Hereinafter, for convenience of description, first and second
protrusions 31 and 32 will be mainly described, but the description
of the first and second protrusions 31 and 32 may be applied to
third and fourth protrusions 33 and 34 as it is.
[0050] In this embodiment, the first and second protrusions 31 and
32 are connected to the first lead-out portion 62 and are
integrally formed with the first lead-out portion 62. The third and
fourth protrusions 33 and 34 are connected to the second lead-out
portion 64 and are integrally formed with the second lead-out
portion 64. For example, since the protrusions 31, 32, 33 and 34
are connected to the lead-out portions 62 and 64, the protrusions
31, 32, 33 and 34 may include the same conductive metal as the
lead-out portions 62 and 64.
[0051] According to this embodiment, a length of each of the
lead-out portions 62 and 64, in the width direction Y, exposed to
both end surfaces (e.g., the first and second surfaces 101 and 102)

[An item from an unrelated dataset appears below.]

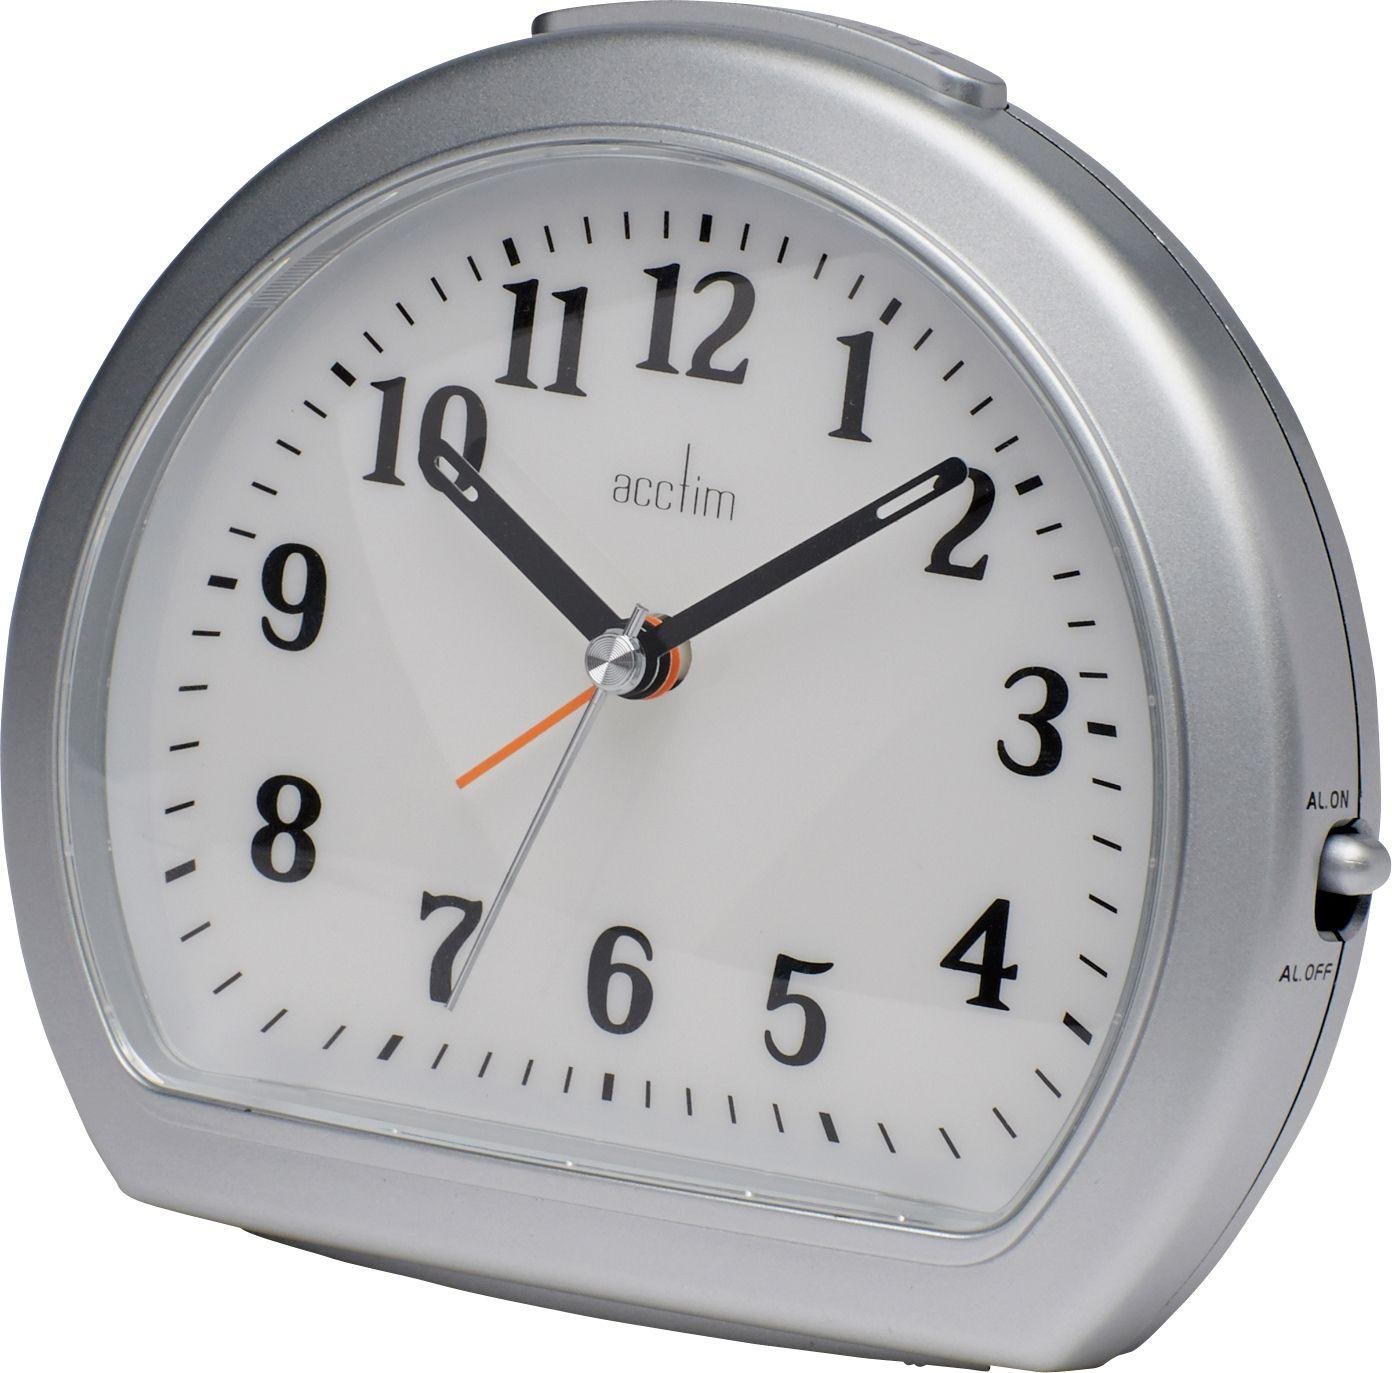 Acctim Smartlite Sweeper Alarm Clock Review

of the body 50 may be smaller than a width of the body 50.
[0052] Referring to FIG. 2, the first and second protrusions 31 and
32 are connected to the first lead-out portion 62 and are embedded
in an anchor shape inside the body 50. For example, the first and
second protrusions 31 and 32 are firmly fixed to the body 50 on the
remaining surfaces thereof except for the surface connected to the
first lead-out portion 62, to improve bonding strength between the
first lead-out portion 62 and the body 50.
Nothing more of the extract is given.